German skier killed and Canadian injured by avalanche in French Alps.

A German skier has died after being caught in an avalanche while skiing near Grenoble in the French department of Isèreon Sunday 18 March 2018. The unnamed 25-year-old man was one of a party of five who were caught in the event when the snow gave way downslope of them. A second skier, Katie Combaluzier, 24, from Toronto, who was studying medicine in Dublin, suffered a fractured spine and other injuries in the same incident.

Katie Combaluzier, 24, from Toronto, injured by an avalache in the French Alps on 18 March 2018. CBC News.
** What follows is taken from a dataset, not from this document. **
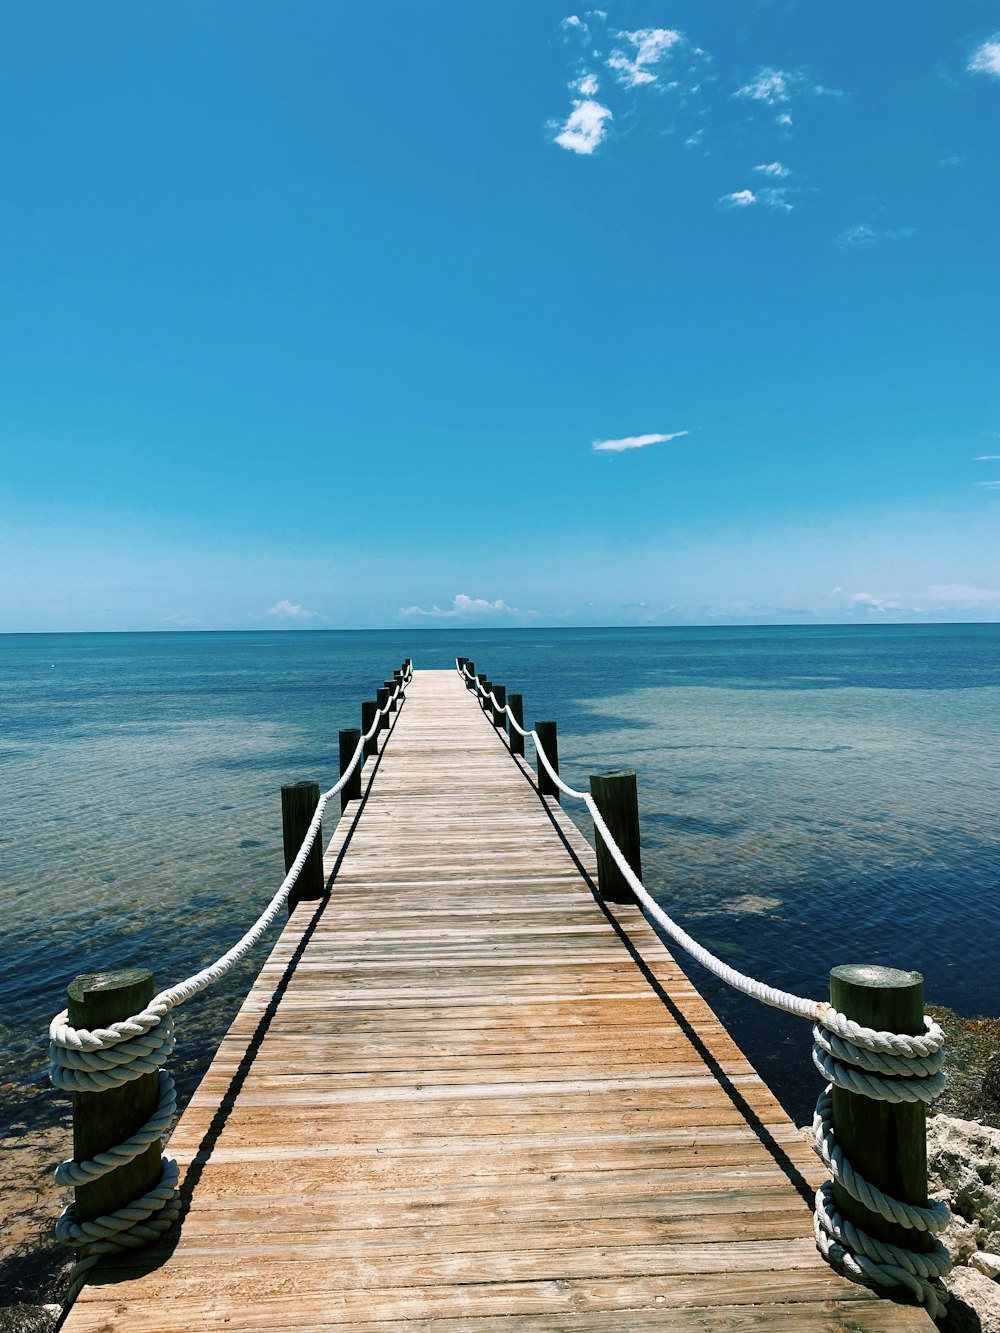 a wooden pier extending into the ocean on a sunny day
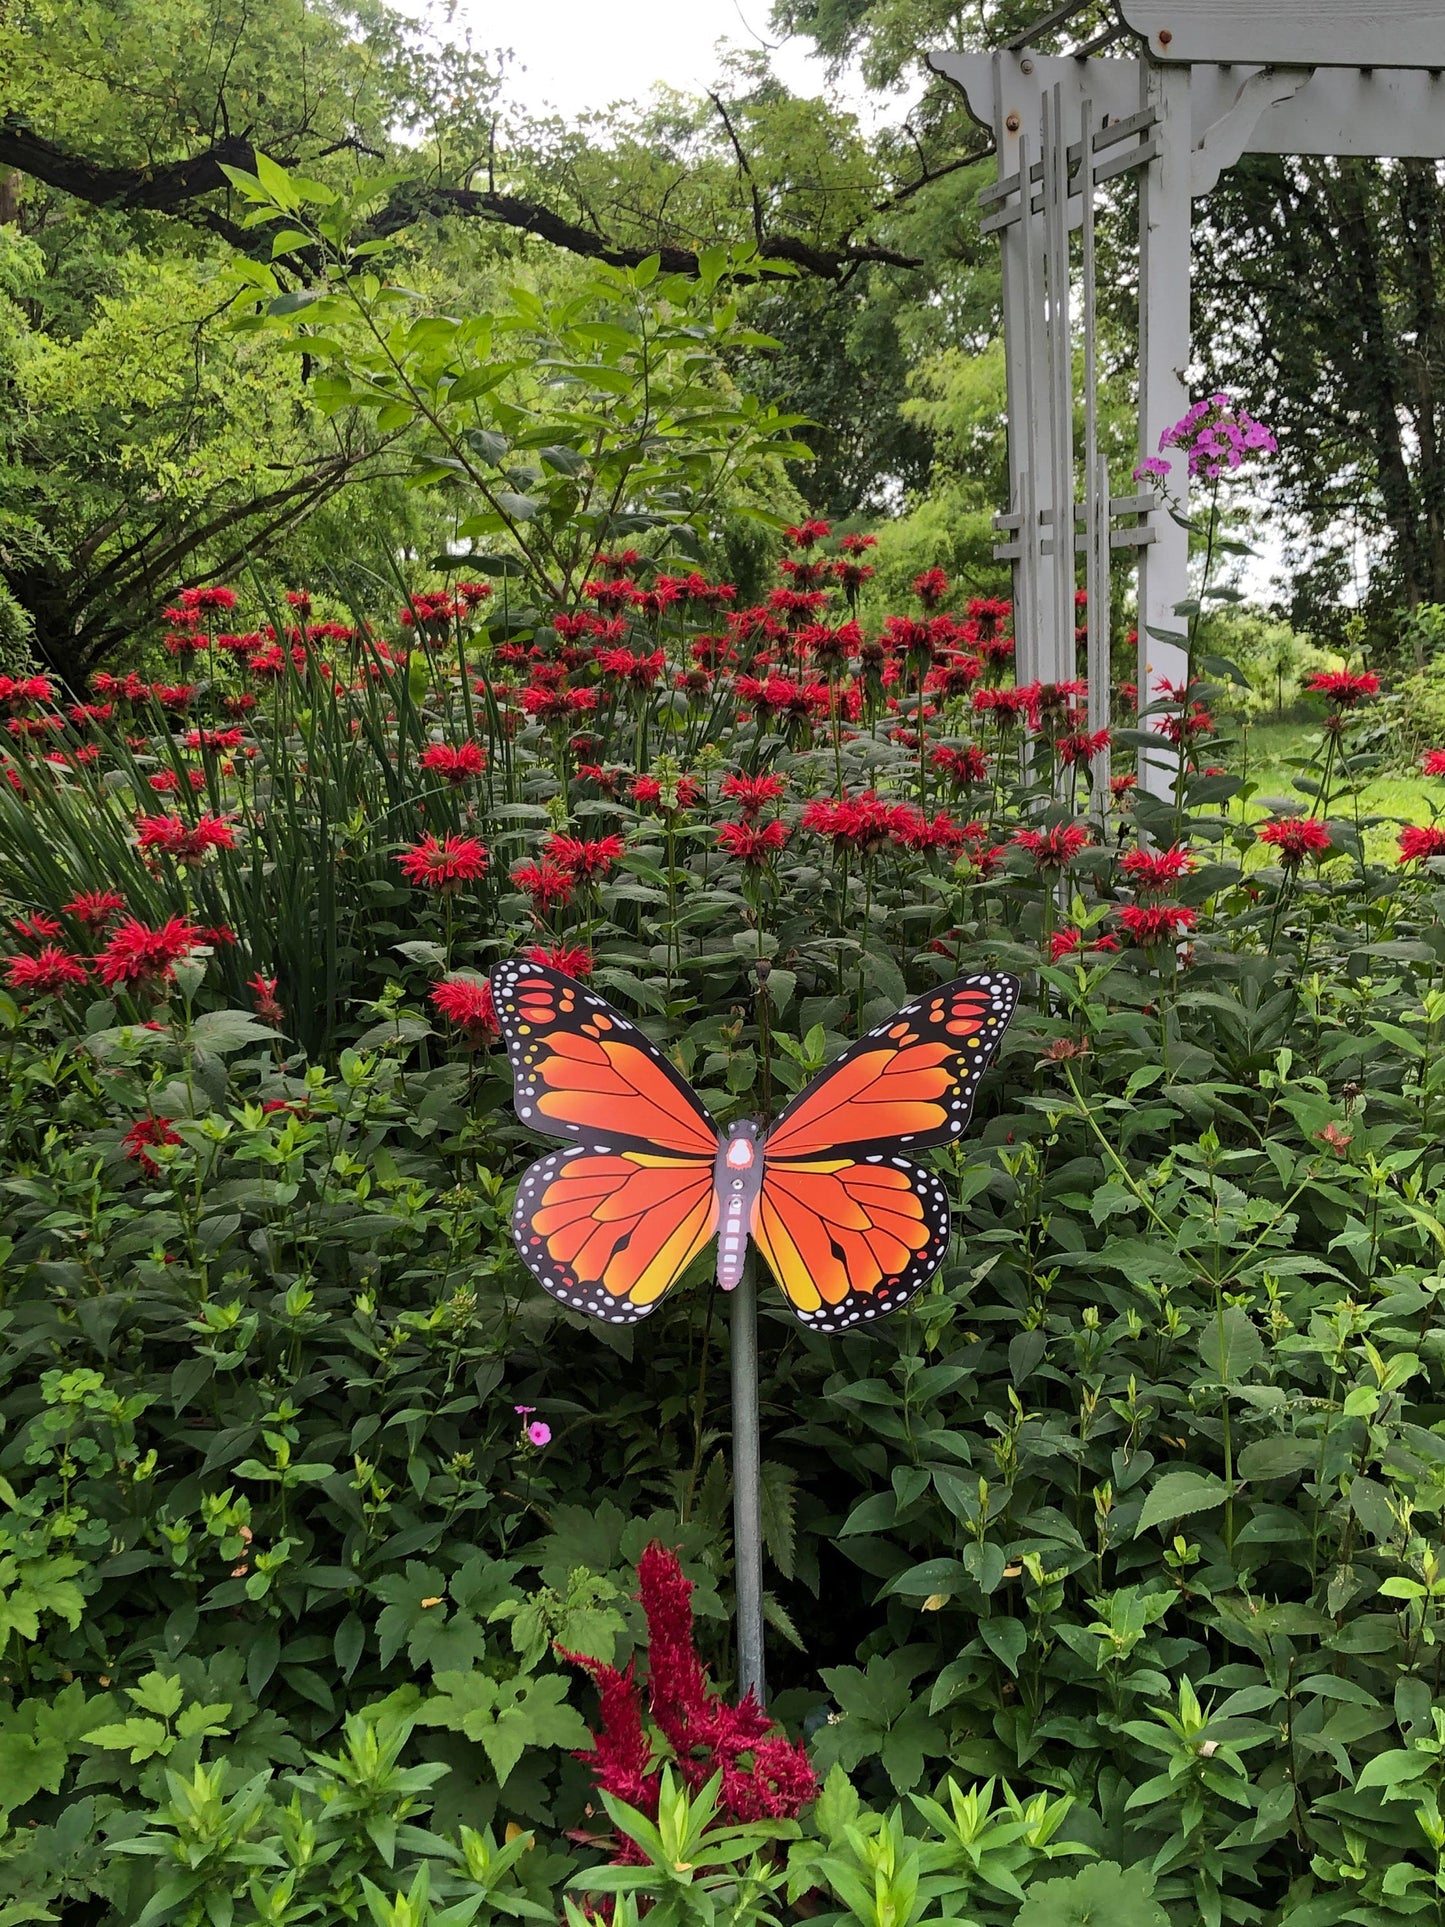 Butterfly Sticks -Large Butterfly Garden Art -Monarch, Blue Morpho and more. Aluminum Skin w/ Plastic Core - NEVER RUSTS - Lasts Years!

Avalanches are caused by the mechanical failure of snowpacks; essentially when the weight of the snow above a certain point exceeds the carrying capacity of the snow at that point to support its weight. This can happen for two reasons, because more snow falls upslope, causing the weight to rise, or because snow begins to melt downslope, causing the carrying capacity to fall. Avalanches may also be triggered by other events, such as Earthquakes or rockfalls. Contrary to what is often seen in films and on television, avalanches are not usually triggered by loud noises. Because snow forms layers, with each layer typically occurring due to a different snowfall, and having different physical properties, multiple avalanches can occur at the same spot, with the failure of a weaker layer losing to the loss of the snow above it, but other layers below left in place - to potentially fail later.
Diagrammatic representation of an avalanche, showing how layering of snow contributes to these events. Expedition Earth.

The Alps have seen a number of avalanche related incidents this winter, largely due to high levels of snowfall. This is, in turn caused by warmer conditions over the Atlantic, which leads to higher rates of evaporation over the ocean, and therefore higher rates of precipitation over Europe, which falls as snow in cooler regions such as the Alps, where the moist air meets cold air fromt the east.